Assignment: Repeat all the lines below exactly, but omit the pictures.

Input data:

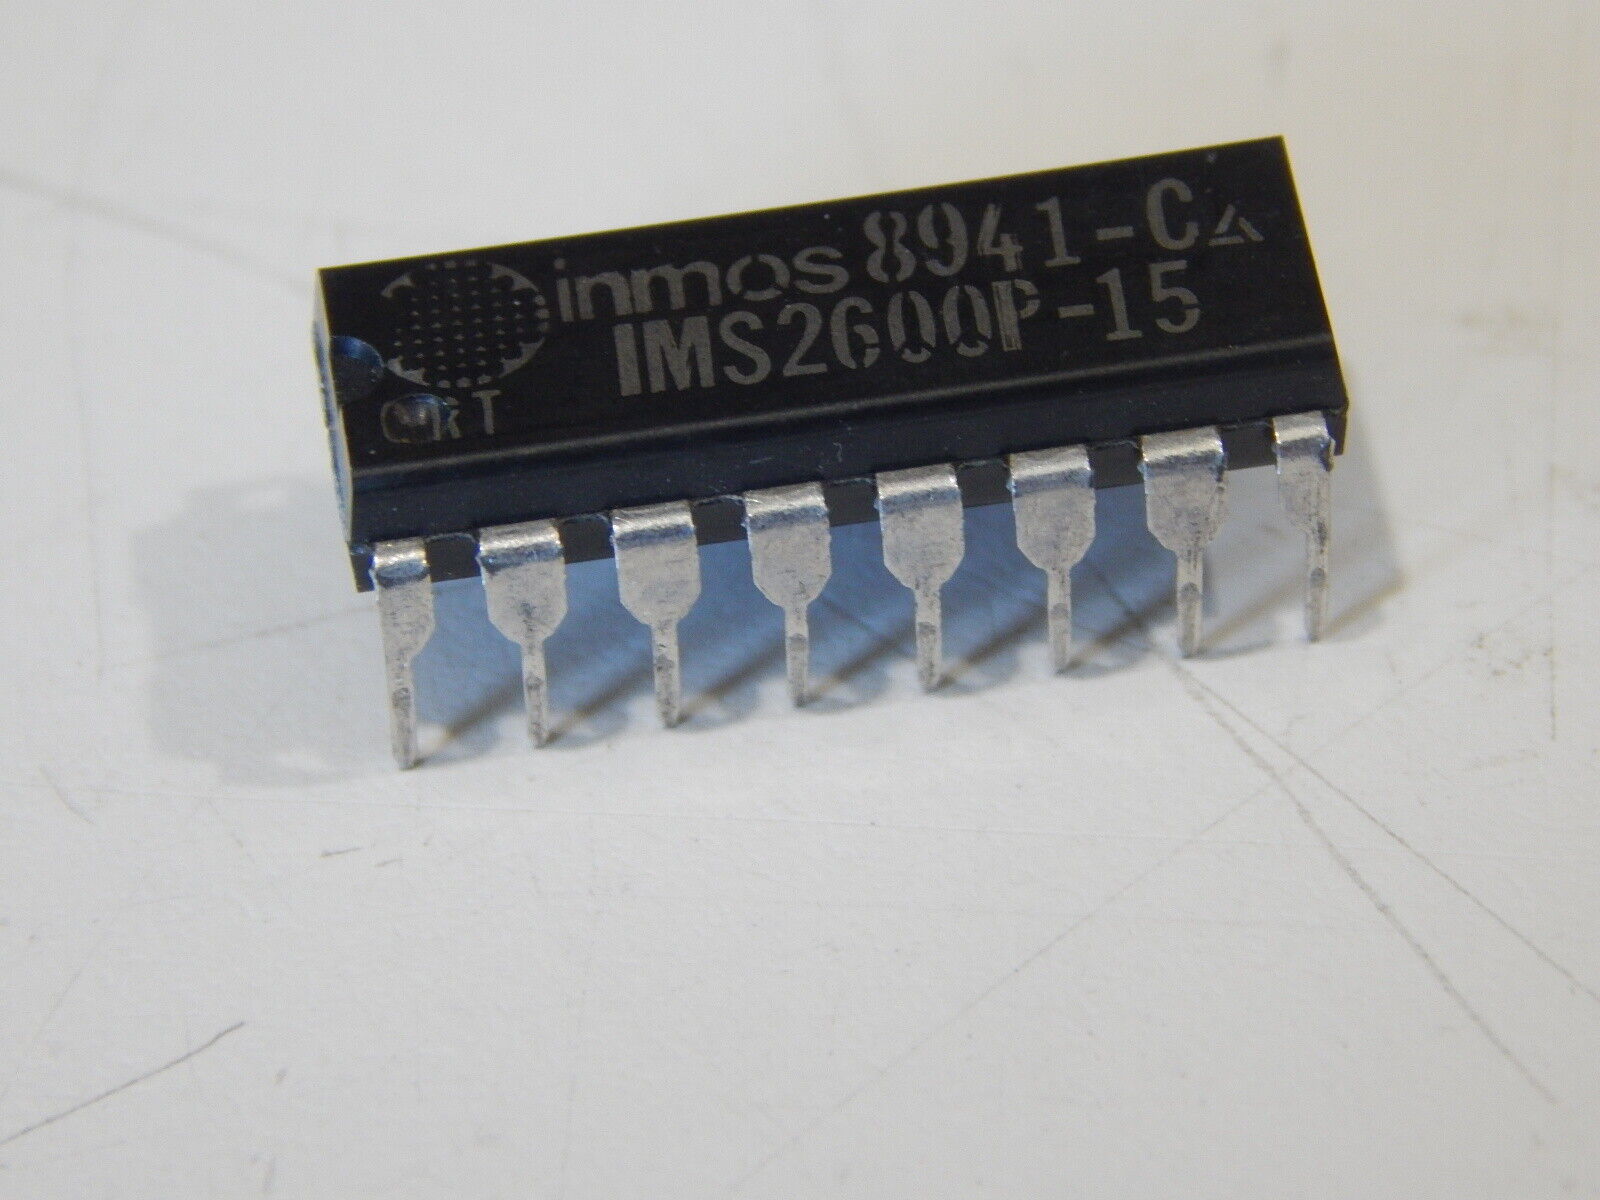 INMOS IMS2600P-15 Dynamic RAM Page Mode 64K x 1 16 Pin DIP IC - FAST SHIPPING
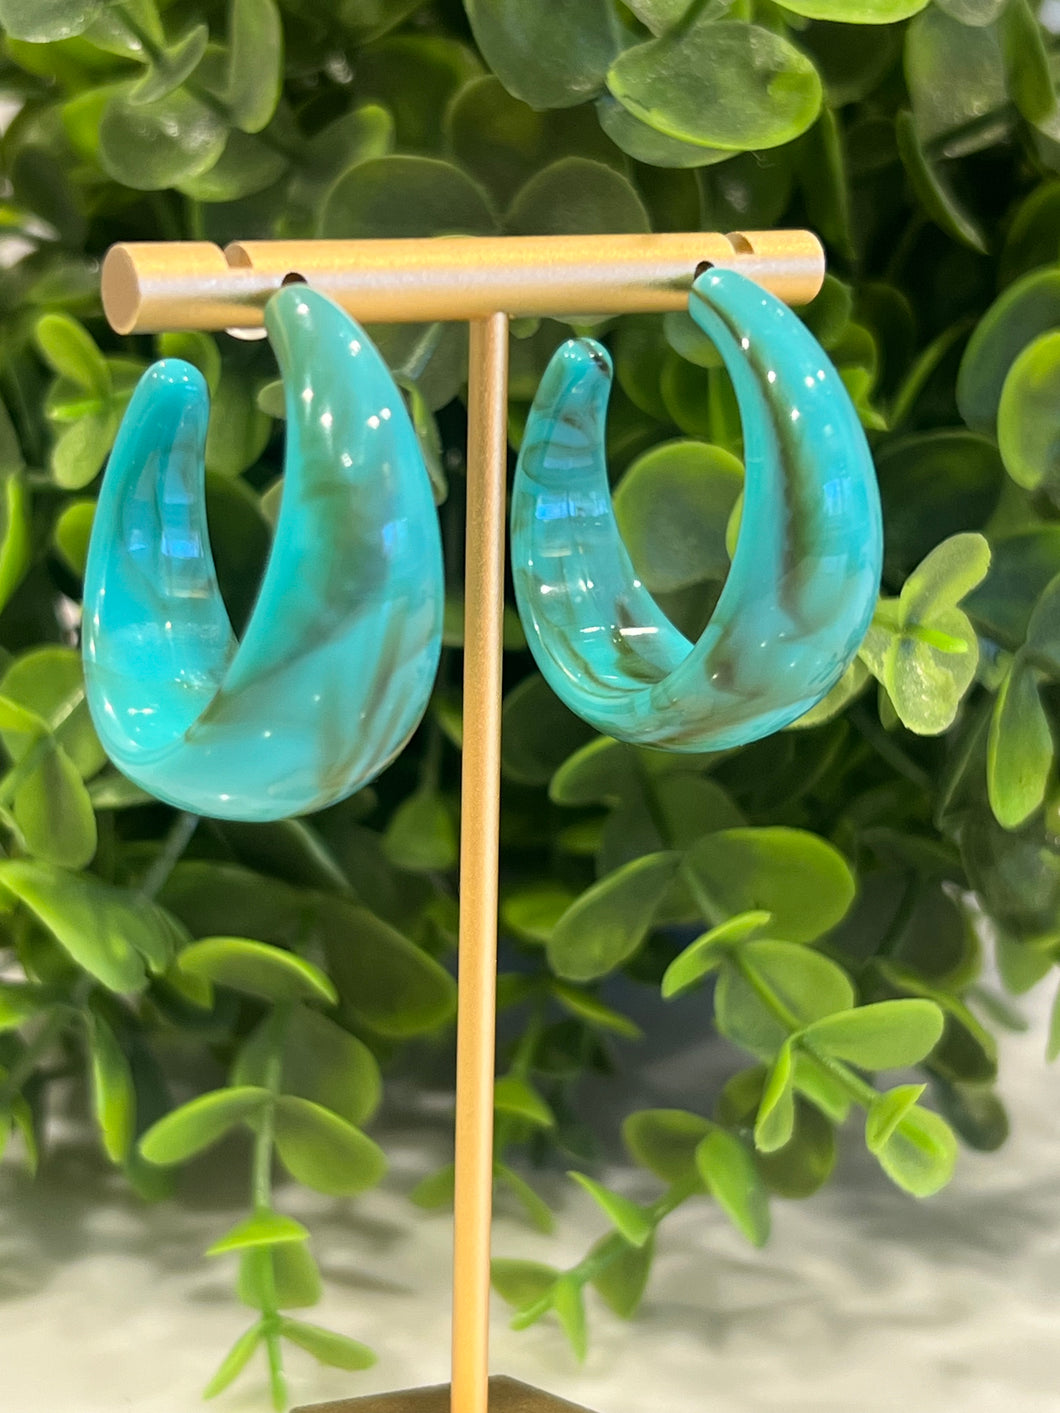 Turquoise Acrylic Hoop Earrings
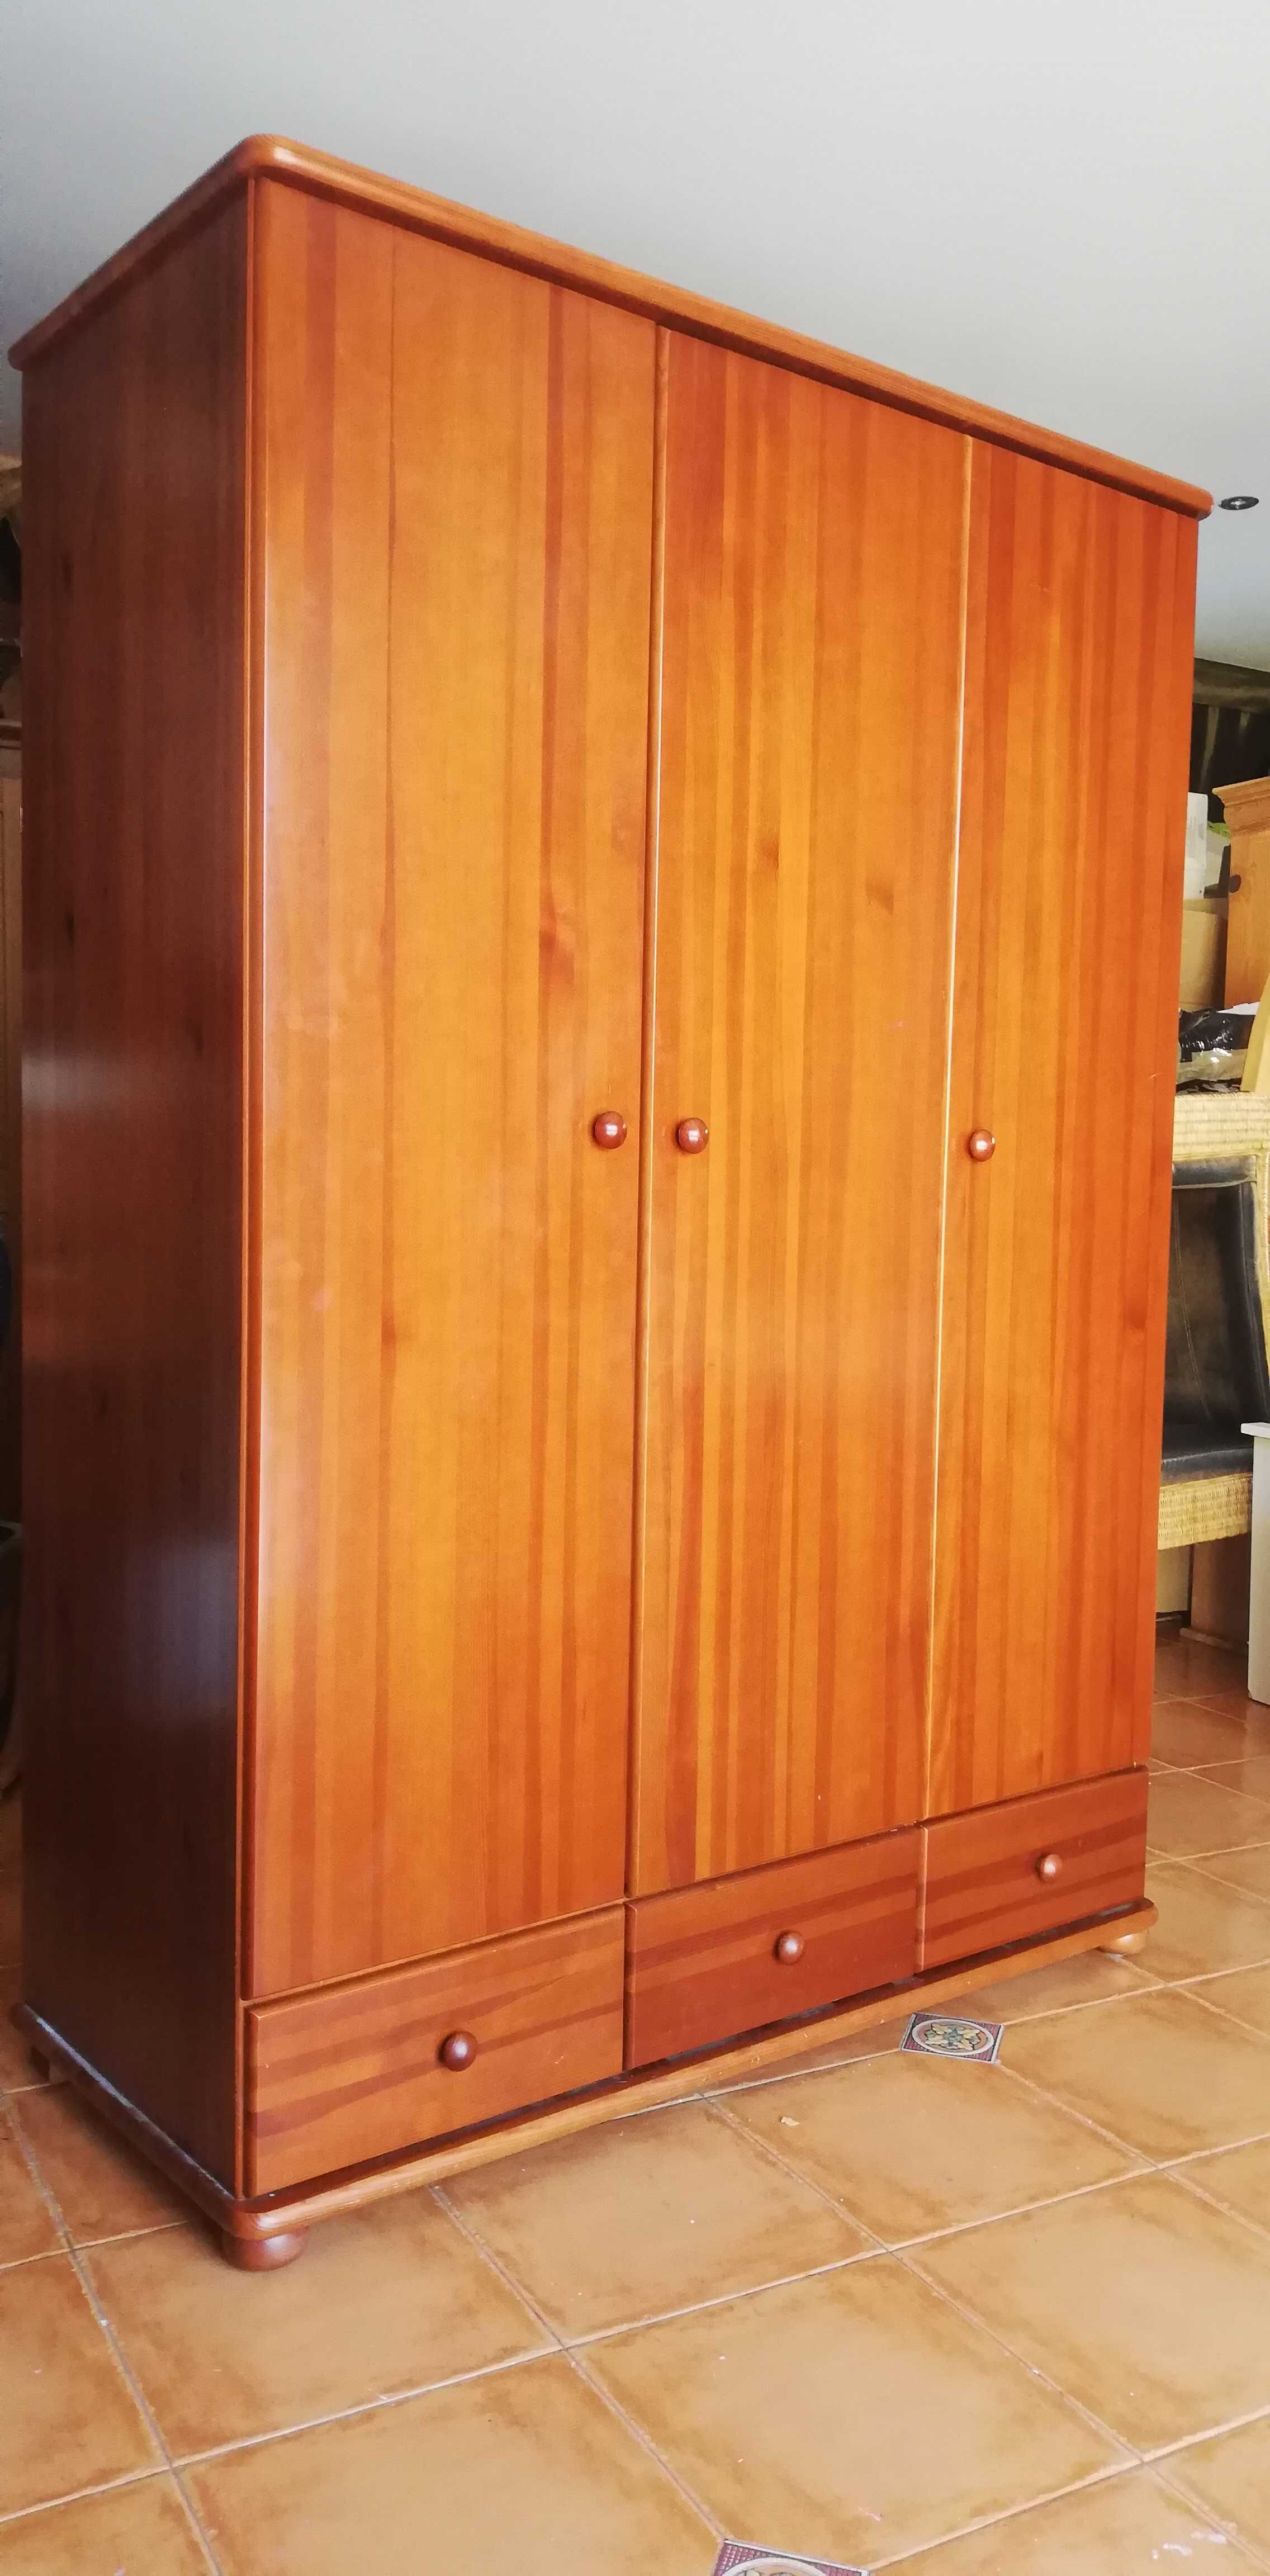 Szafa skalik trzy drzwiowa bieliźniarka drewniana sosnowa garderoba

Completed exercise:
 INMOS IMS2600P-15 Dynamic RAM Page Mode 64K x 1 16 Pin DIP IC - FAST SHIPPING
 Turquoise Acrylic Hoop Earrings
 Szafa skalik trzy drzwiowa bieliźniarka drewniana sosnowa garderoba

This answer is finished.